Currently, the pg_buffercache v1.1 and prior takes an exclusive lock on all shared buffers, which greatly affects system performance. Usually we use pg_buffercache to find out why DB is working slower than expected or examine what occupies the entire memory. So when we run pg_buffercache on such system, we make it even slower.


Implementation
==============

Vanilla implementation contains loop which collecting statistic from whole shared memory acquire, read and release Spinlocks one by one, page by page while holding LWLock.
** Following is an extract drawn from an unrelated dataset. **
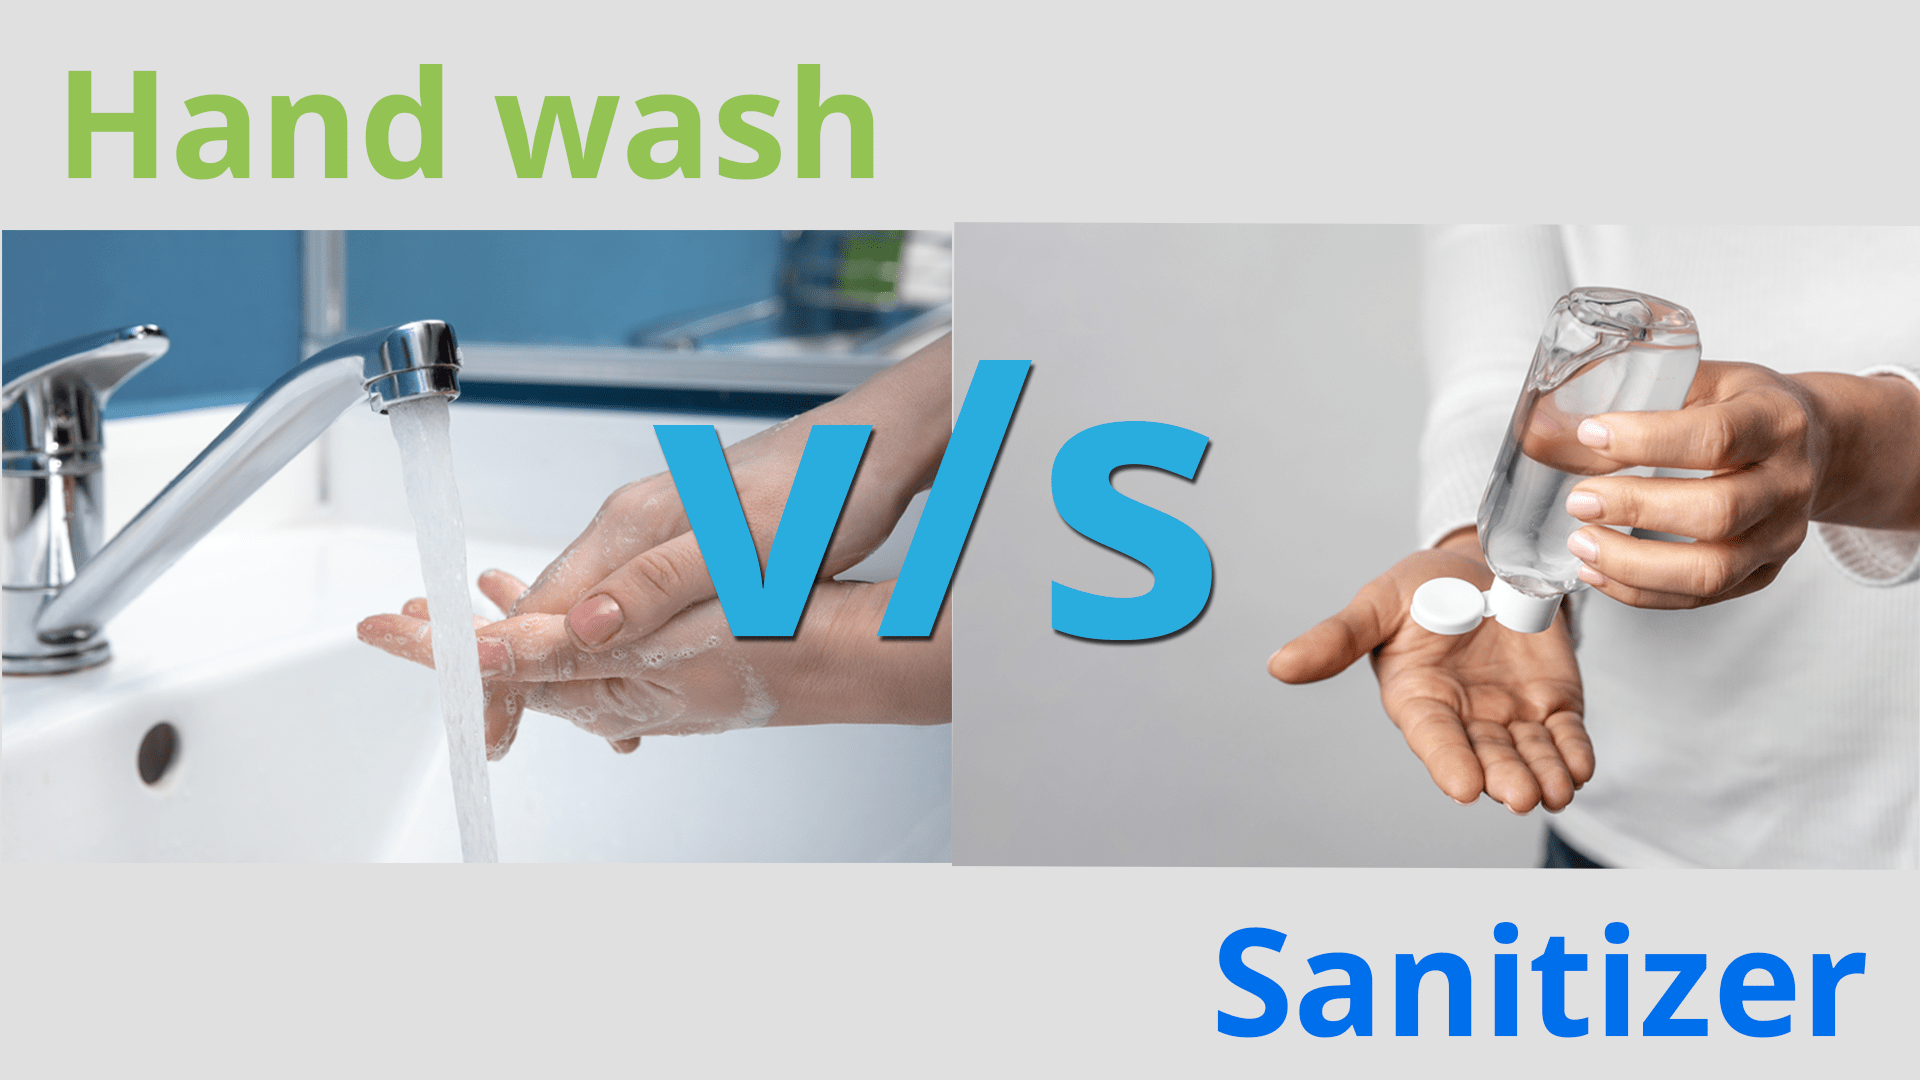 Image representing hand wash versus hand sanitizer
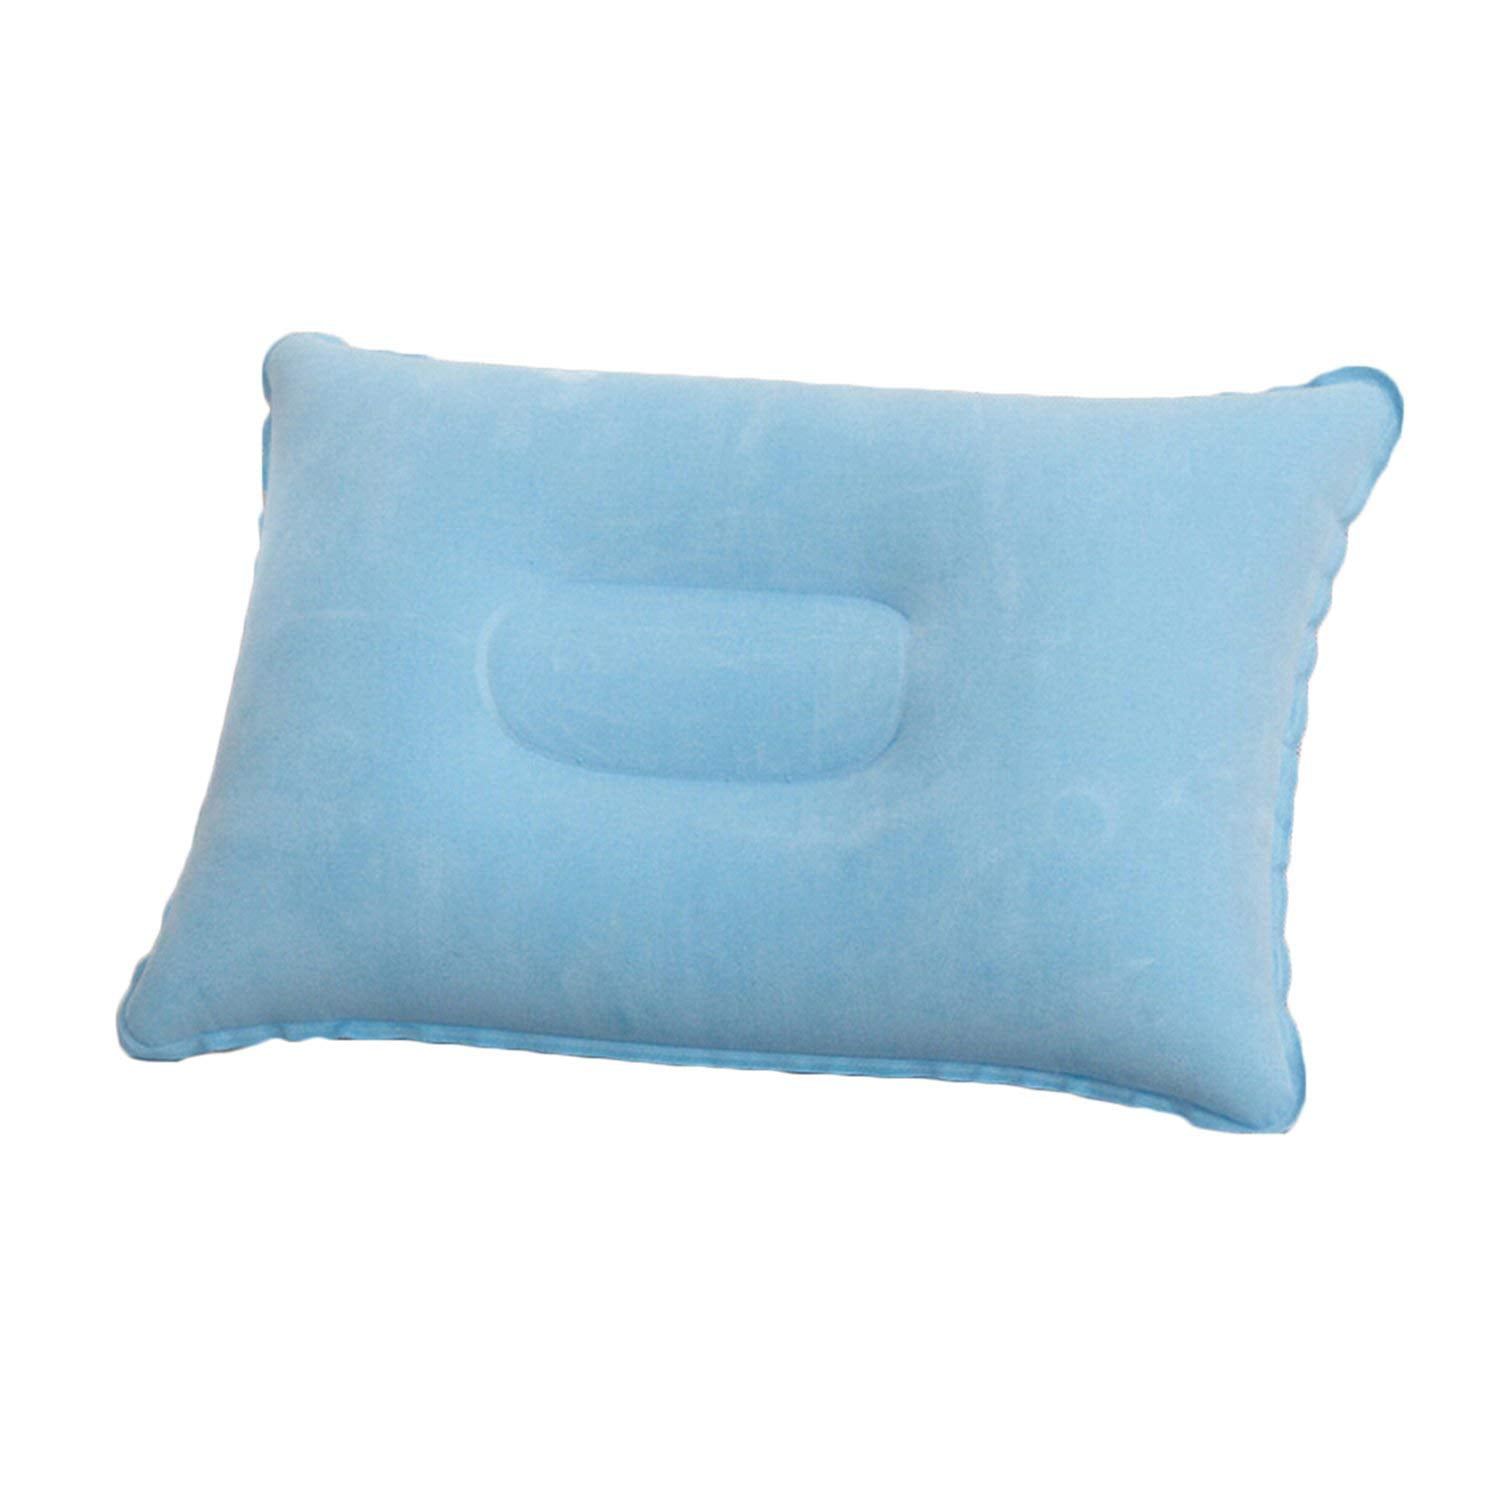 Compact Travel Air Pillow Inflatable Cushion Camping Car Head Rest Lumbar

V1.2 implementation contains flexible loop which can collect shared memory statistic using three different methods: 1) with holding LWLock only on one partition of shared memory (semiconsistent method)
2) without LWLocks (nonconsistent method),
3) or in vanilia way (consistent method)

The aforementioned allow us to launch pg_buffercache in the three different ways.
Each of them have some advantages and some disadvantages:

Consistent:
+ 100% consistency of shared memory snapshot
- Slowdown the system with whole shared memory exclusive lock

Semiconsistent:
+ Faster than consistent method
+ Mostly doesn`t affect on the system load
- Speed of taking that snapshot is low
Nonconsistent:
The fastest
+ Doesn`t noticeably affects on the systems
- <3% lost of snapshot consistency

What works
==========

Actually, it work well even on big load, but of course there might be things I've
overlooked.
VIEW pg_buffercache_cons
VIEW pg_buffercache_noncons
VIEW pg_buffercache_semicons

Examples from docs in new realization:
SELECT c.relname, count(*) AS buffers FROM pg_buffercache_noncons b INNER JOIN pg_class c ON b.relfilenode = pg_relation_filenode(c.oid) AND b.reldatabase IN (0, (SELECT oid FROM pg_database WHERE datname = current_database())) GROUP BY c.relname ORDER BY 2 DESC LIMIT 10;

SELECT c.relname, count(*) AS buffers FROM pg_buffercache_semicons b INNER JOIN pg_class c ON b.relfilenode = pg_relation_filenode(c.oid) AND b.reldatabase IN (0, (SELECT oid FROM pg_database WHERE datname = current_database())) GROUP BY c.relname ORDER BY 2 DESC LIMIT 10;


Testing the implementation
======================

How implementation tested:
1) Start server
2) Make pgbench tps
        pgbench -c 250 -s 1000  -T 200 -P1
3) Compare how tps sags under load if:
        SELECT count(*) FROM pg_buffercache_cons;
        SELECT count(*) FROM pg_buffercache_semicons;
        SELECT count(*) FROM pg_buffercache_noncons;

This test was made on server (server parameters)
Model name:            Intel(R) Xeon(R) CPU E7-8890 v3 @ 2.50GHz
CPU(s):                144
Socket(s):             4
Shared_buffers:        200GB


Results of testing
======================

Our DBA team obtained the following results:
Nonconsistent:
        * 10% faster then consistent method
        * doesn`t noticeably affects on the systems
* the maximum loss of accuracy was less then 3%* ( in most situation it is permissible accuracy loss )

Semiconsistent:
        * 5 time slower then nonconsistent
        * made less affects on system compared to consistent

Overall results:
Our clients was pleased with this implementation.
Implementation is made with backward compatibility, as a conclusion old pg_buffercache v1.1 queries will work well. Semiconsistent show results approaching to nonconsistent on SELECTONLY queries.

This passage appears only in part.